Caches – Why do we miss?

Cold Start

As stated, both data and instruction caches are required to be invalidated on system start. Therefore, the first load of any object (code or data) cannot be in cache (thus the cold start condition).

One available technique to help with cold-start conditions is the ability to pre-load data into the cache. The ARMv7-M instruction set adds the Preload Data (PLD) instruction. The PLD instruction signals to the memory system that data memory accesses from a specified address are likely shortly. If the address is cacheable, then the memory system responds by pre-loading the cache line containing the specified address into the cache. Unfortunately, there is currently no CMSIS intrinsic support for the PLD instruction.

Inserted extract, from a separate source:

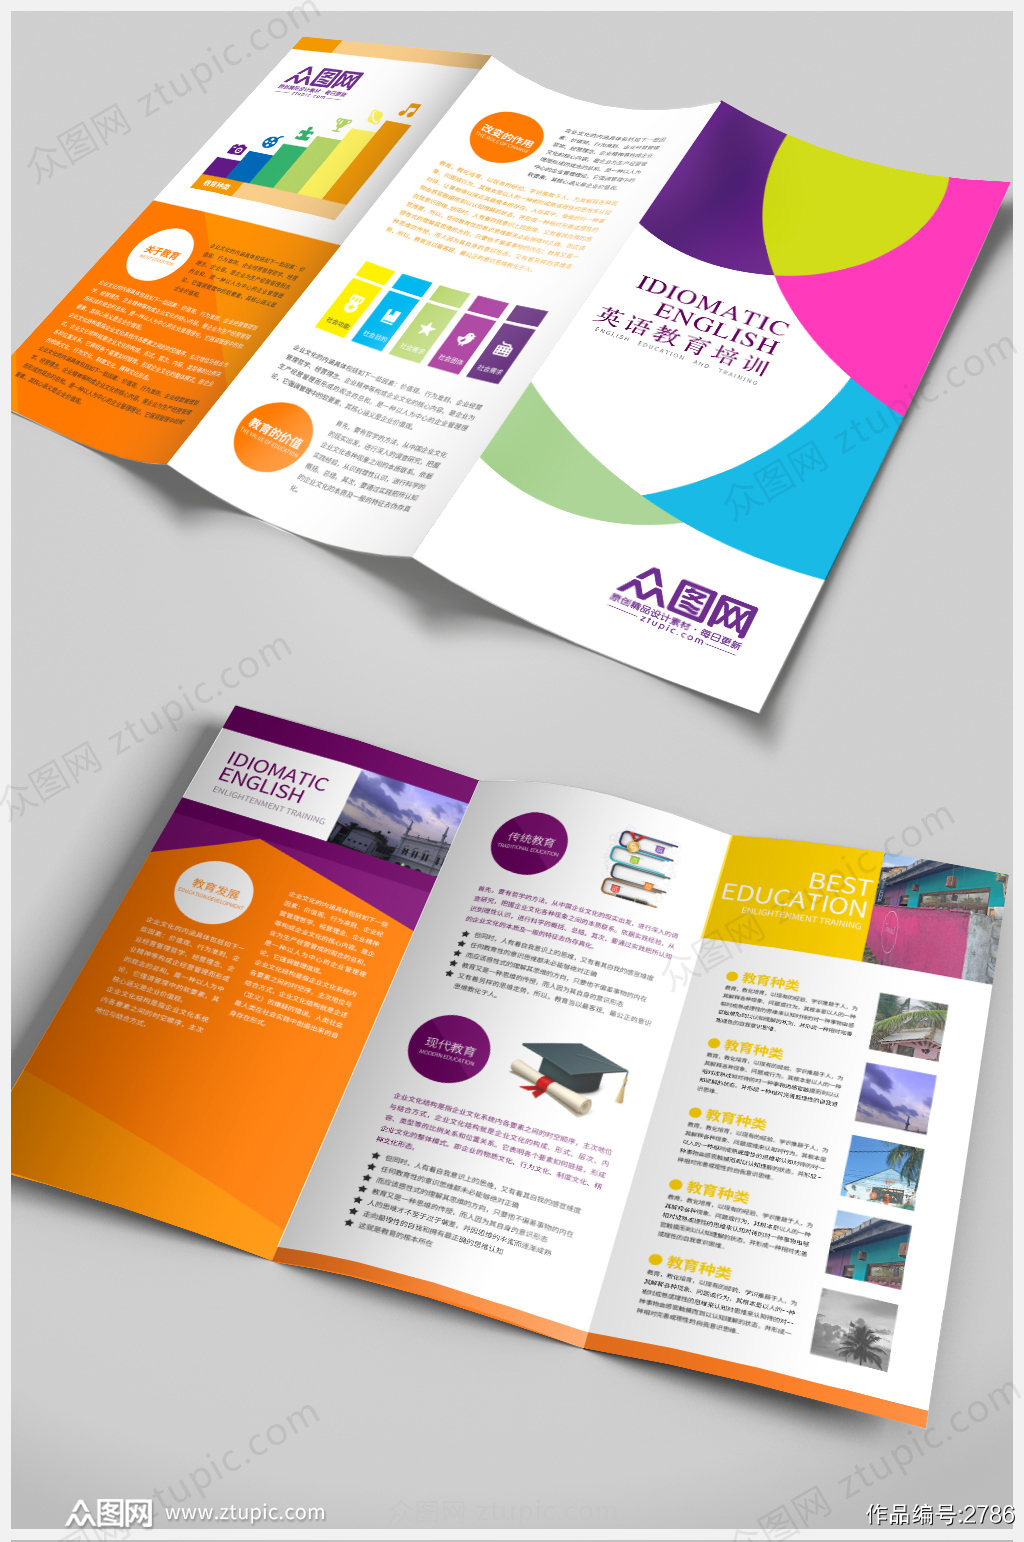 彩色时尚英语培训班宣传三折页PSD素材

It is worth noting that some processor data caches implement an automatic prefetcher (e.g. Cortex-A15). This monitors cache misses, and when a pattern is detected, the automatic prefetcher starts linefills in the background. Unfortunately, the Cortex-M7 data cache does not support automatic prefetch.


The other most obvious reason for misses is that of cache capacity. The larger the cache, the higher the probability of a cache hit and the lower the frequency of eviction. However, all this comes at a cost, not only financial but also power.

A larger cache is, naturally, going to contribute to the overall System-on-Chip (SoC) costs, making the end microprocessor more expensive. In high volume designs, this is always a significant factor in SoC choice.

Among all processor components, the cache and memory subsystem generally consume a large portion of the total microprocessor system power, commonly 30-50% of the total power [Zang13]. Caches, thus, add a further level of complexity to the poor-overworked engineer trying to calculate the design’s power model and has an impact on all battery-based designs.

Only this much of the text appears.